Después de cuatro días de descanso (la llamada “semana
blanca” se ha abierto camino en una vida, la mía, que empieza a parecer
monótona), regreso todavía más aplatanao. No sé si se debe a la gran cantidad
de exámenes que se apilan sobre mi escritorio, a las decenas de libros que
aguardan para ser reseñados, o que este tiempo pre-veraniego va a minar mis
biorritmos. El caso es que me hallo con cero ganas de regresar al tajo (o mejor
dicho, “los tajos”, pues llevo demasiadas cosas en ristre).
Puede que también tenga que ver con el proceso fisiológico
del estrés, ese en el que, cuando cesas un ritmo frenético de quehaceres, tu
cerebro empieza a secretar endorfinas y te quedas en un estado de calma total
en el que te resulta igual de difícil levantarte del sofá que ir a correr la
maratón de Nueva York.
Quizá esté relacionado con la celebración del 11ºaniversario de este lugar, pues bien sabido que tras emborracharse de bebidas
espiritosas y tanto cariño ajeno, la cosa se enturbia, no sólo por el dolor de
cabeza y las vomitonas, sino por un ligero bajón anímico que nos impide sacarle lo positivo.

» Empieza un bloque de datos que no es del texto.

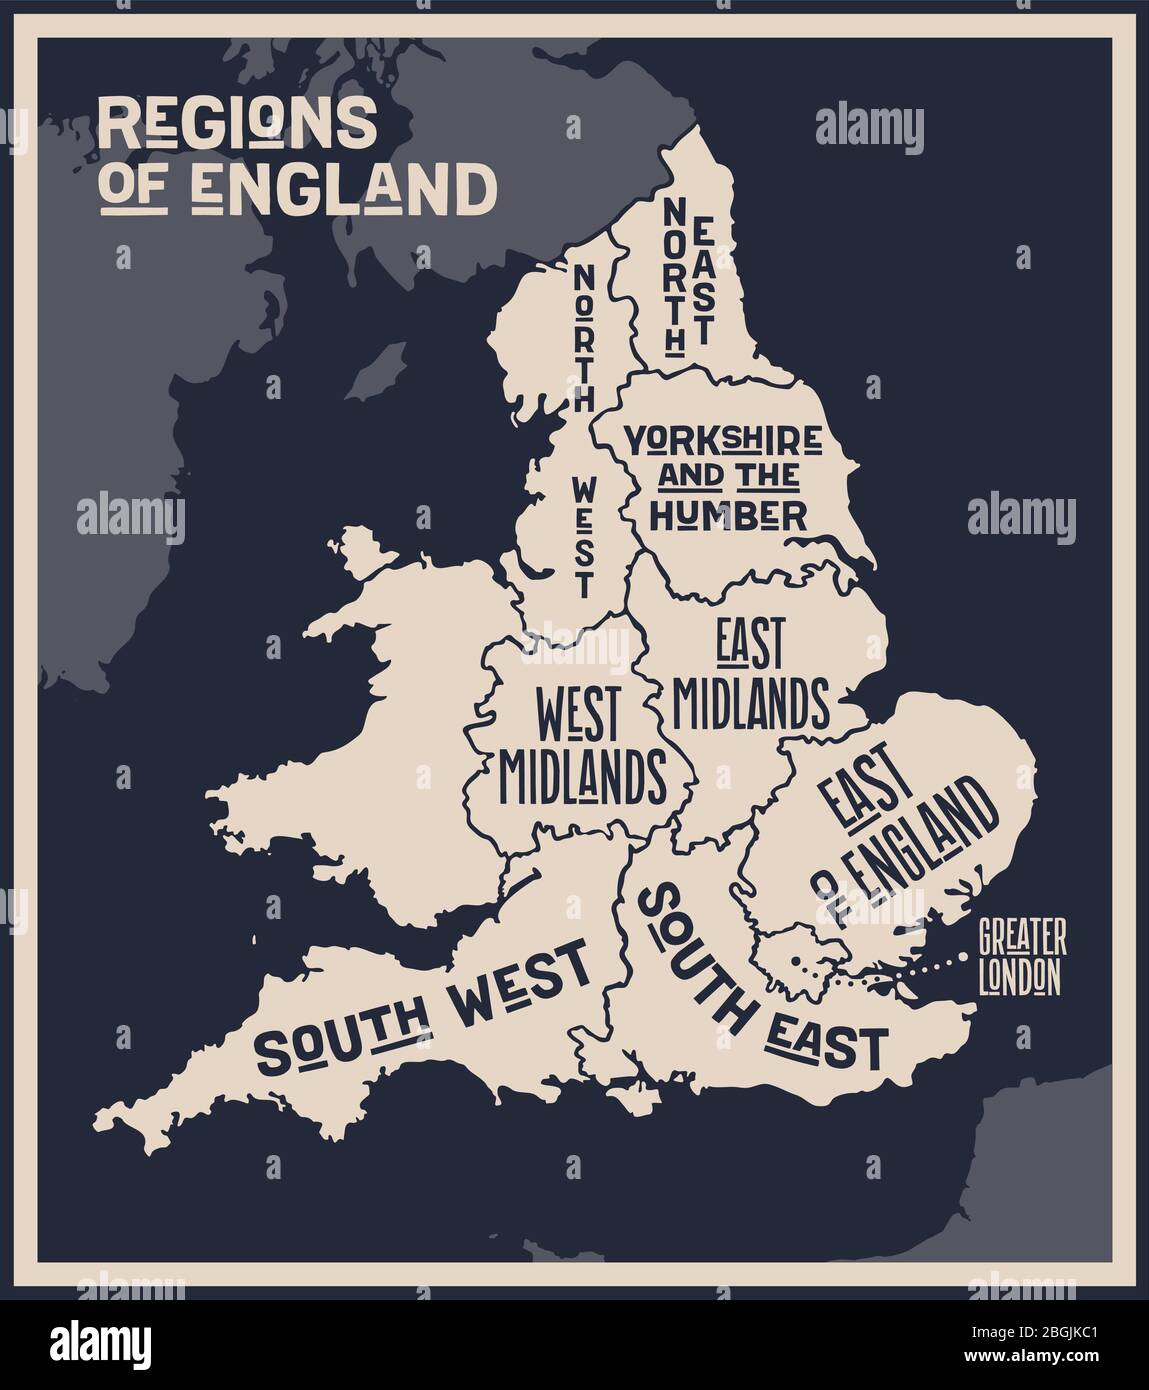 Affiche carte des régions d'Angleterre Illustration de Vecteur

Y con este panorama un tanto negativo empiezo una semana
laboral que a pesar de la brevedad, intuyo intensa a tenor de la preparación de
un viaje escolar, las próximas evaluaciones, un sinfín de quejas estudiantiles,
una cena de trabajo, citas con amigos, la (espero) última visita al dentista y
un metatarso roto.
Y como no hay casi nada que un buen libro infantil no pueda
solucionar, acudo a la última pila de títulos y doy con El cielo de Anna (editorial Kókinos), un álbum tan hermoso que
crees echarte a volar.
Este es el primer libro de Stian Hole que tiene su
habitación en esta casa de monstruos, pues, a pesar de ser uno de mis autores
de libros-álbum favoritos, todavía no había encontrado un hueco para él aquí (prometí resarcirme).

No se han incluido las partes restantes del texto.